It would be wrong to take entirely at face value Mr Litvinenko’s self-assessment as a persecuted crusader for justice. His loyalties and business dealings were complex and possibly compromised. That he was a strange man does not make his murder any less sinister. The Kremlin had at least three compelling reasons to wish to silence him. First, he claimed before his death to have evidence linking the murder of Anna Politkovskaya, the journalist and outspoken critic of Russian policy in the Caucasus, to state security forces. Secondly, he had written a book accusing the FSB of planning to blow up an apartment building to bolster President Putin’s case for invading Chechnya in 1999. A new and heavily annotated edition of the book is due to be published next month. Thirdly, as we report today, he claimed to have uncovered a Kremlin-backed plan to blackmail or eliminate foreign-based Russian citizens holding assets salvaged from Yukos, the oil company founded by the jailed tycoon Mikhail Khodorkovsky.

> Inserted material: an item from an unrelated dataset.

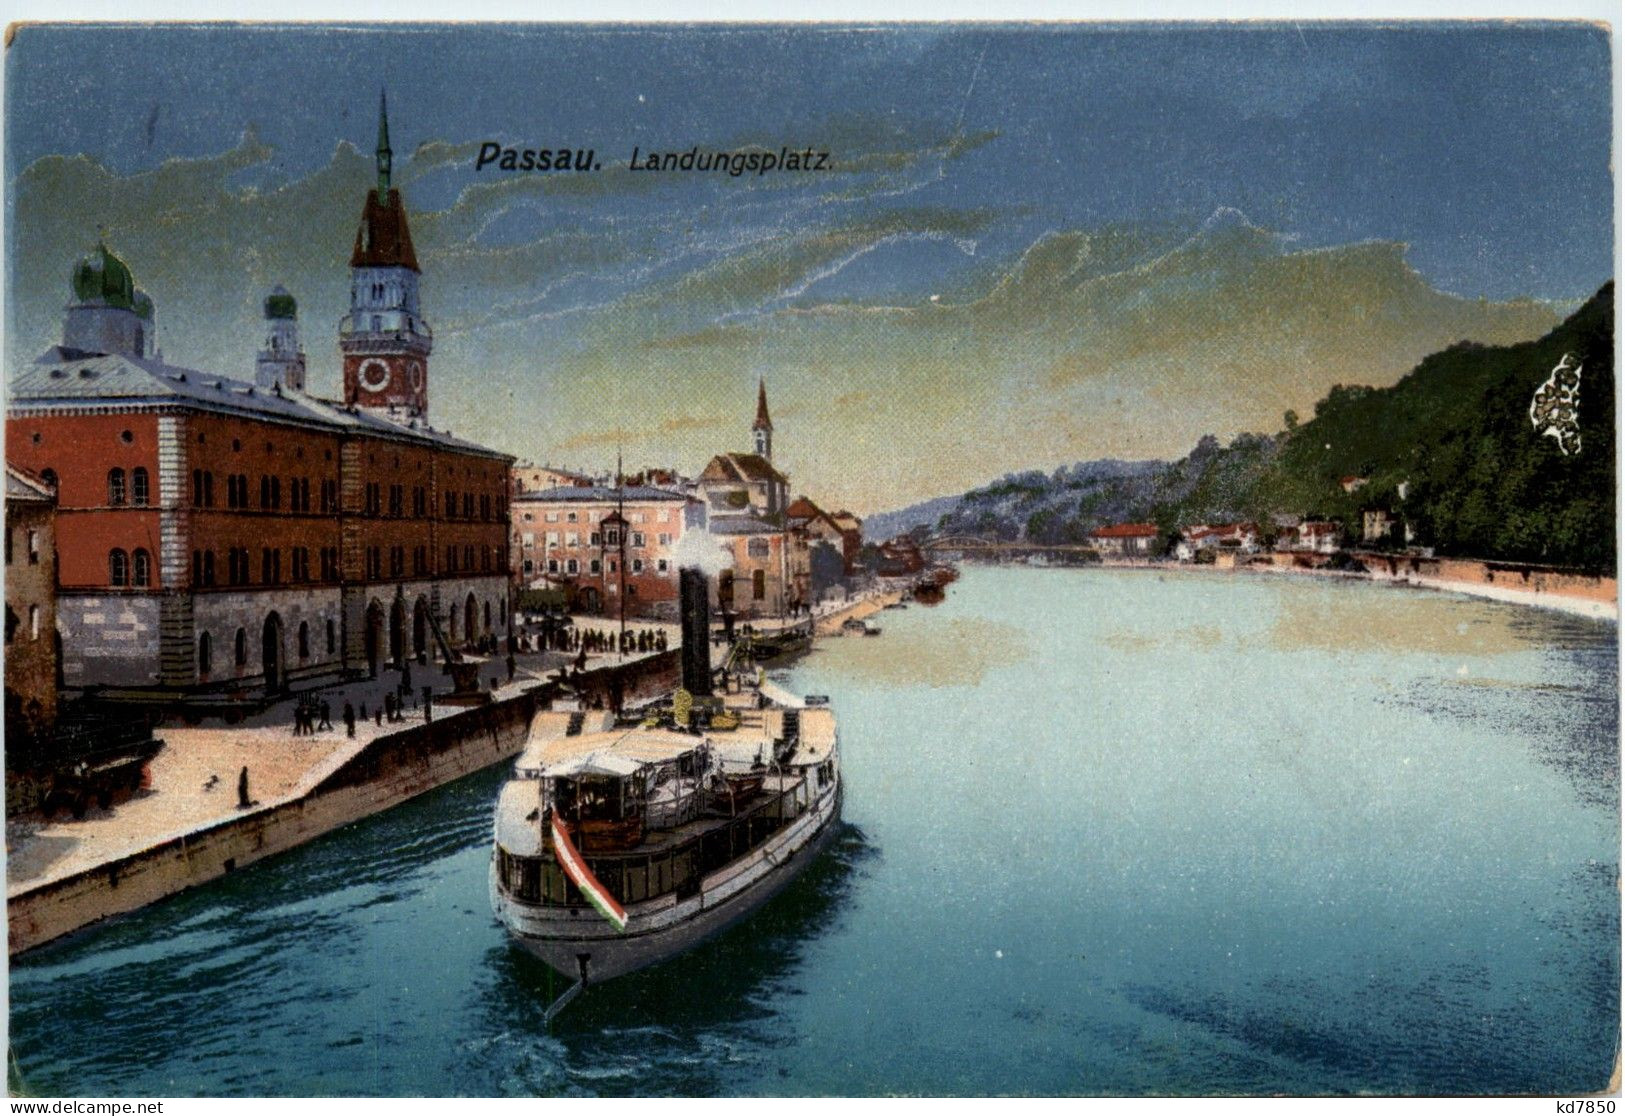 Passau/Bayern - Passau, Landungsplatz - Passau

Suggestions that the Russian state was involved in Mr Litvinenko’s murder have been dismissed by the Kremlin as preposterous. In a civilised world, they would be just that, and the murder may yet prove to be the result of a private business deal that went wrong. A more likely scenario, however, is that Mr Litvinenko was the victim of over-mighty, underemployed Russian security forces that are themselves increasingly abusing their power in business dealings. The rise of the FSB to the dominant position that its predecessor, the KGB, once enjoyed, fuels corruption, inhibits the economy and democracy, and has the potential to become a serious political embarrassment for Mr Putin. Yet it is largely a problem of his own making, as is the rise of the slavishly pro-Putin youth groups accused of harassing Britain’s Ambassador to Moscow for attending an opposition conference last summer. Mr Putin should remember that power corrupts, and centralised power corrupts the figure at the centre.